Please produce an exact copy of only the lines from the one with "KGA Glienicker Str." through the last one of the material, without pictures.

Information shown >>
------------------------------------

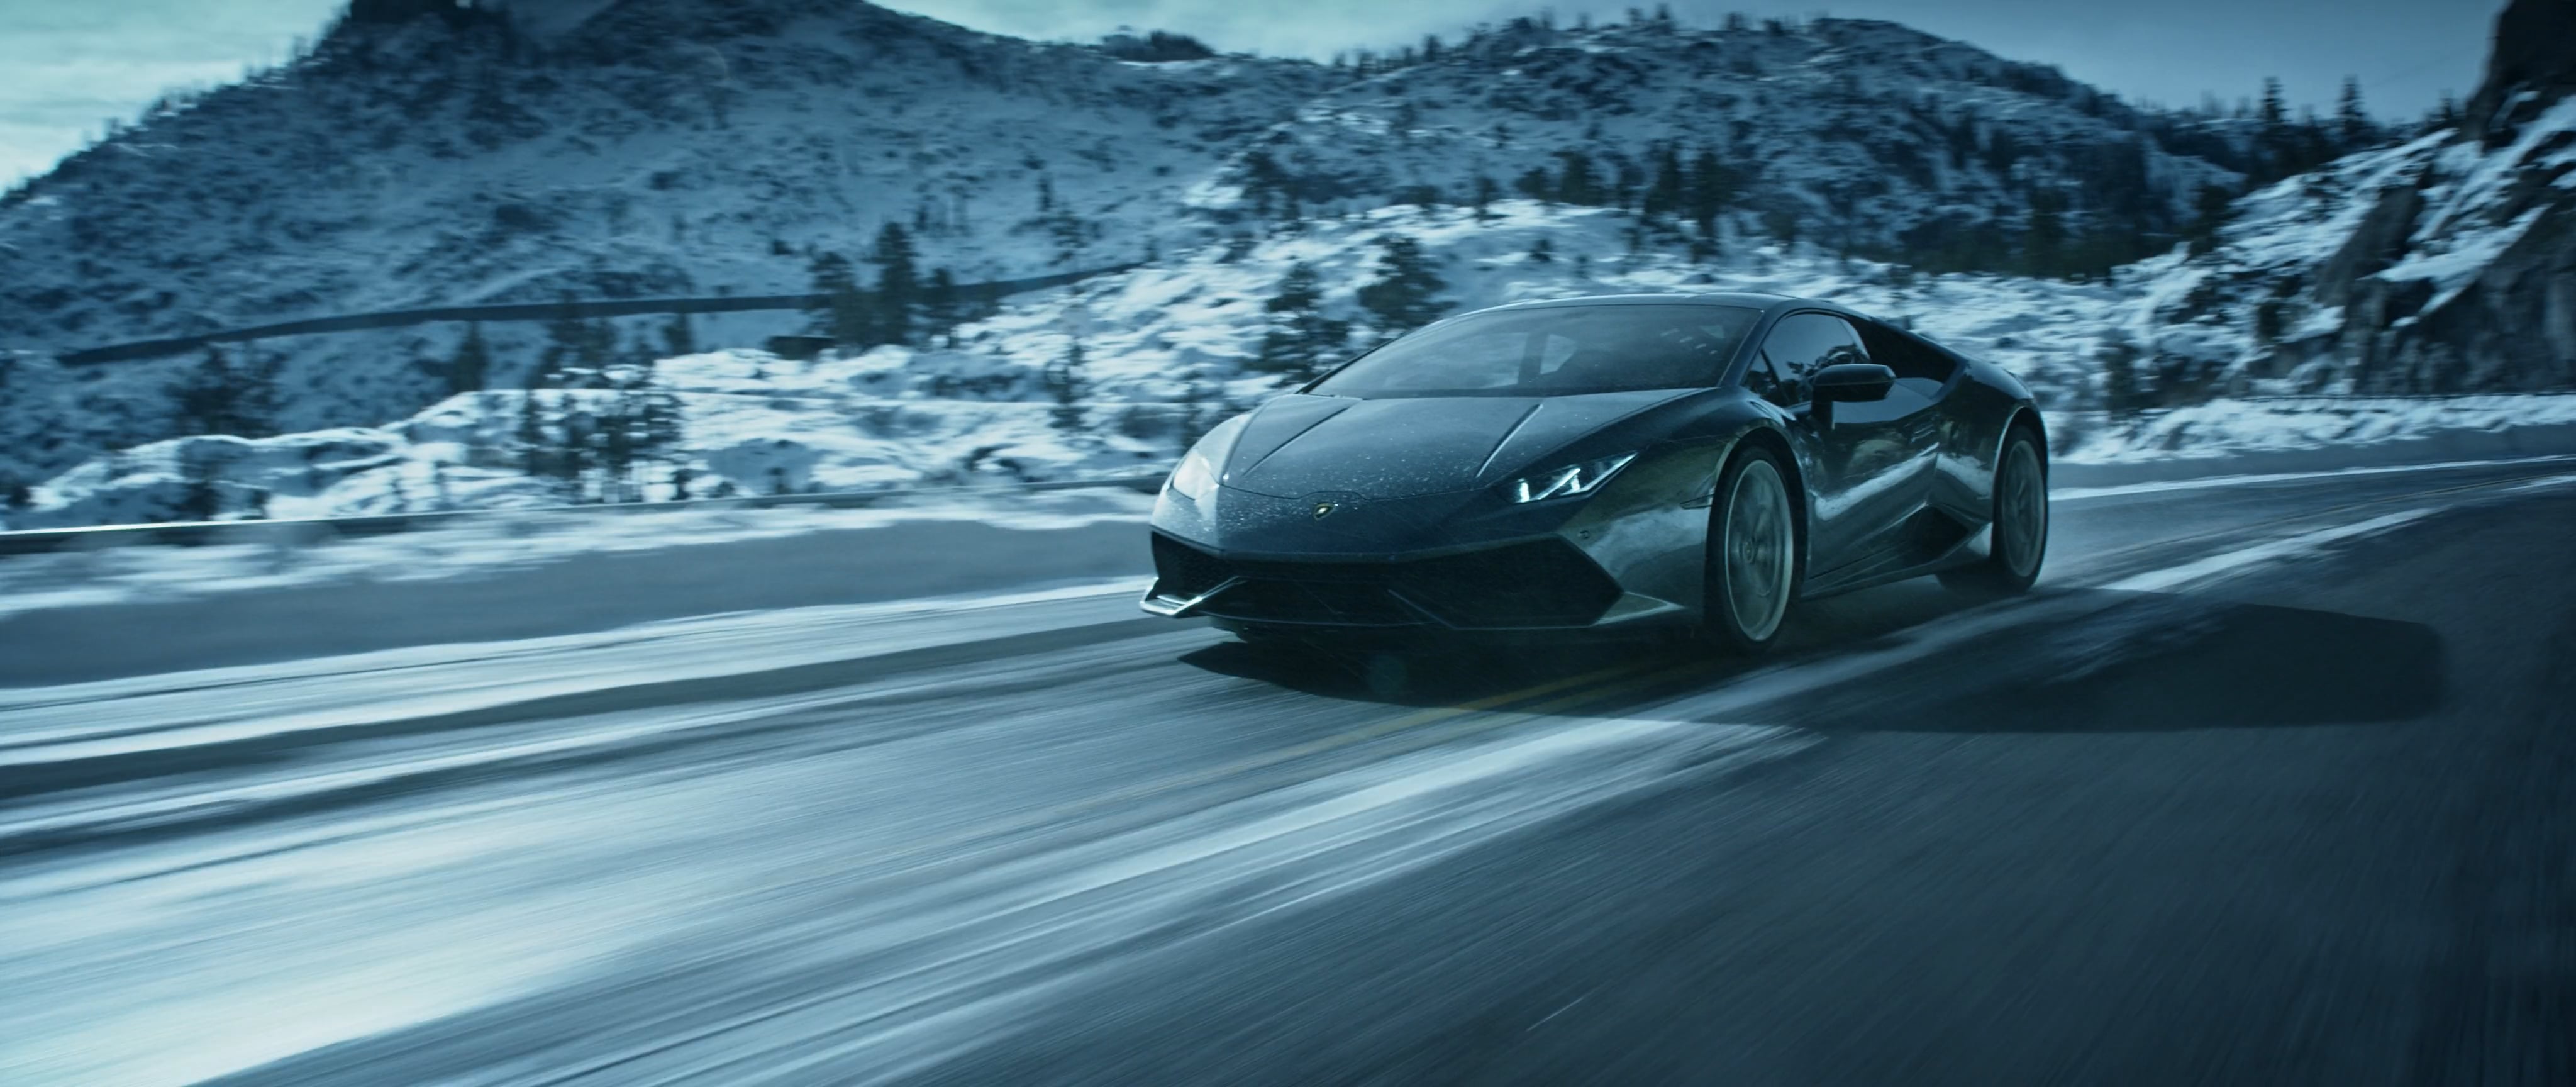 Lamborghini | Fire and Ice on Vimeo
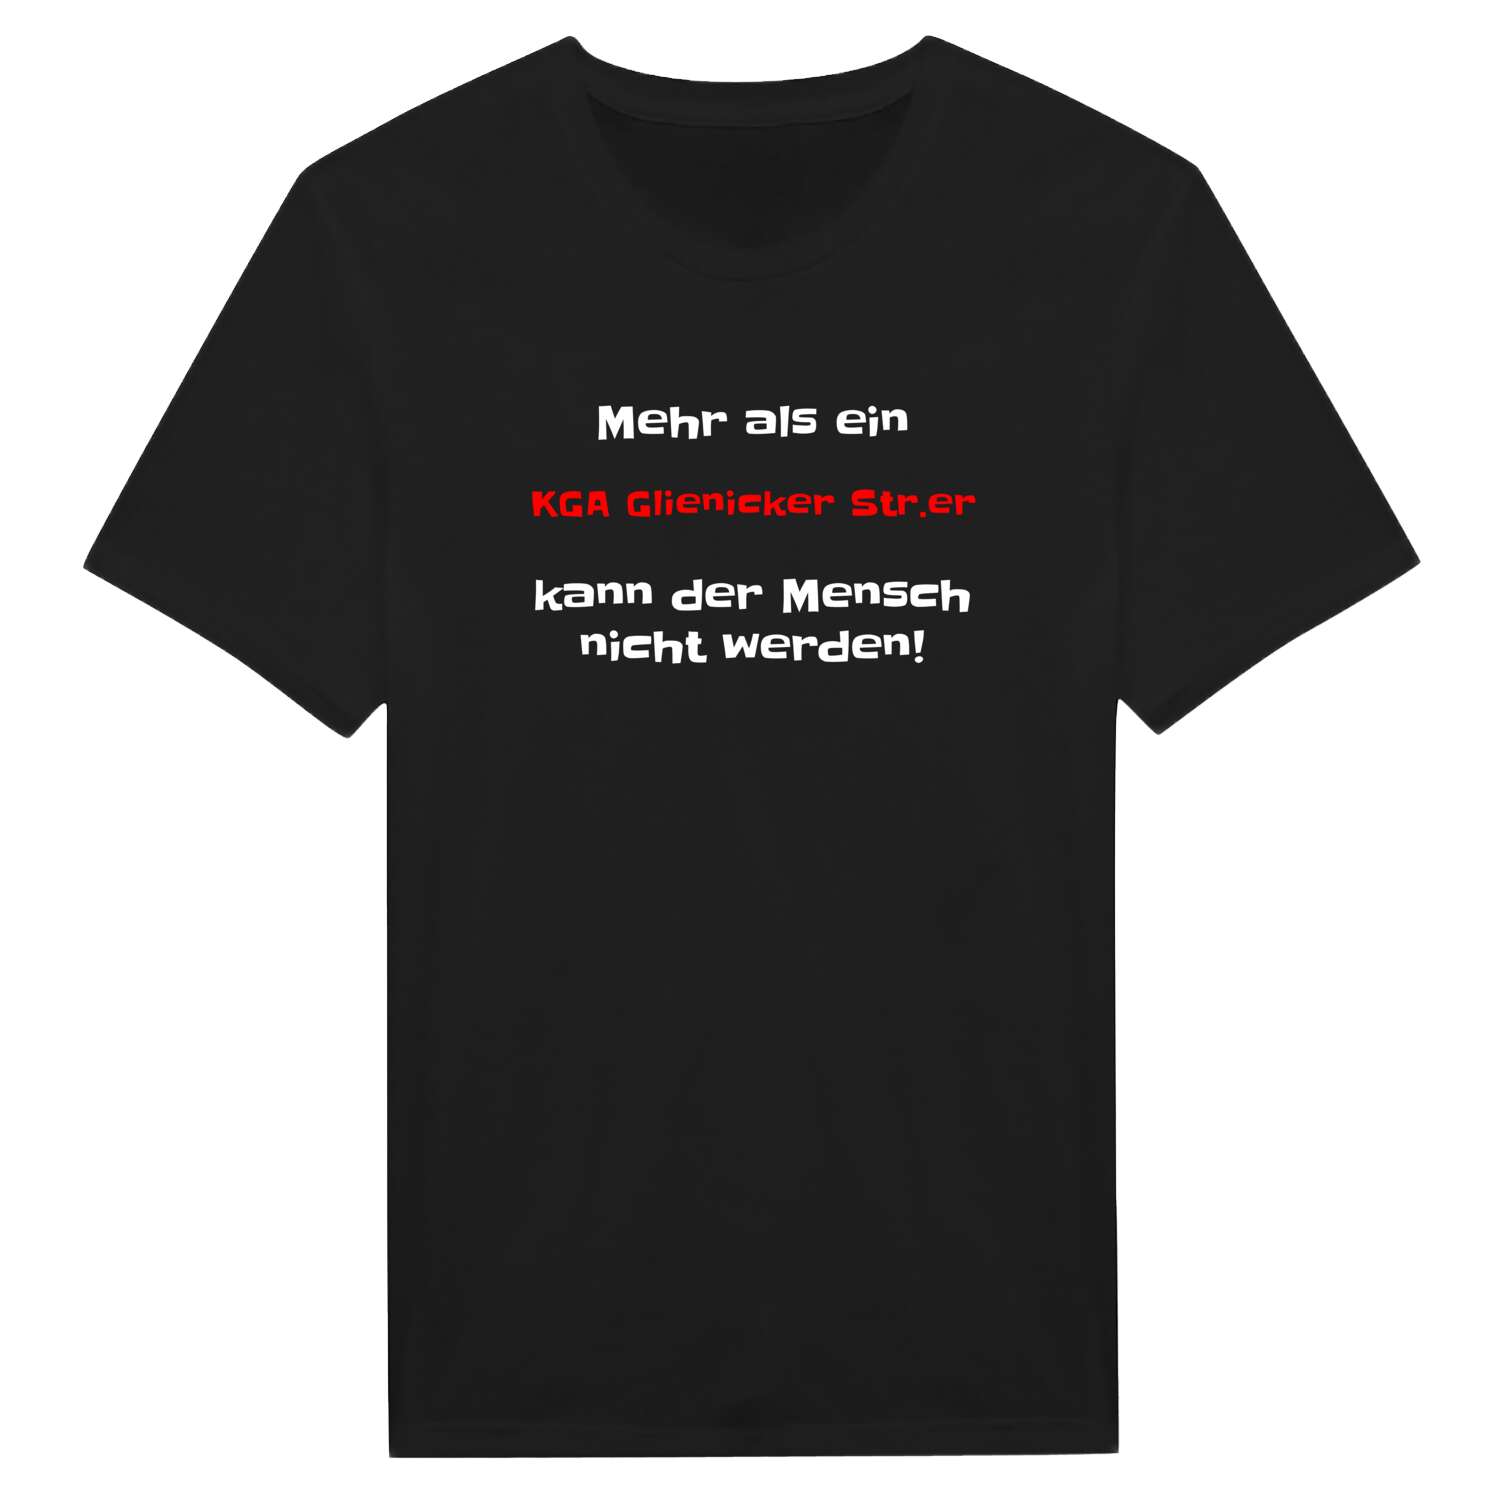 KGA Glienicker Str. T-Shirt »Mehr als ein«
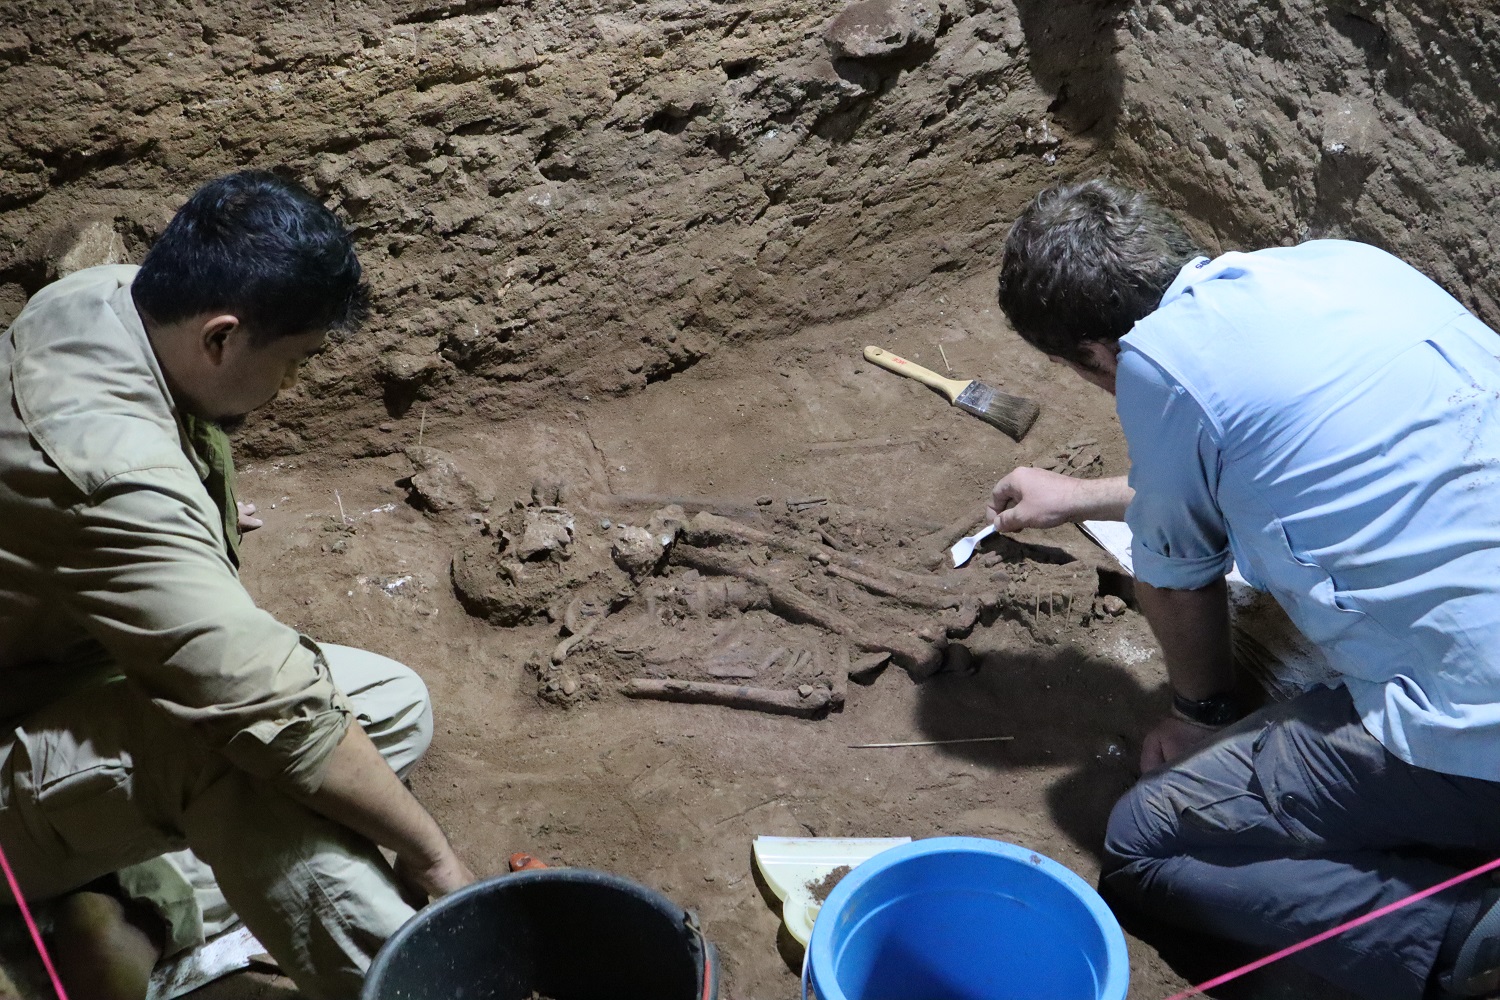 Régészeti szenzáció a 31 ezer évvel ezelőtt végzett életmentő amputáció

------------------------------------

Answer area >>
 KGA Glienicker Str. T-Shirt »Mehr als ein«
 Régészeti szenzáció a 31 ezer évvel ezelőtt végzett életmentő amputáció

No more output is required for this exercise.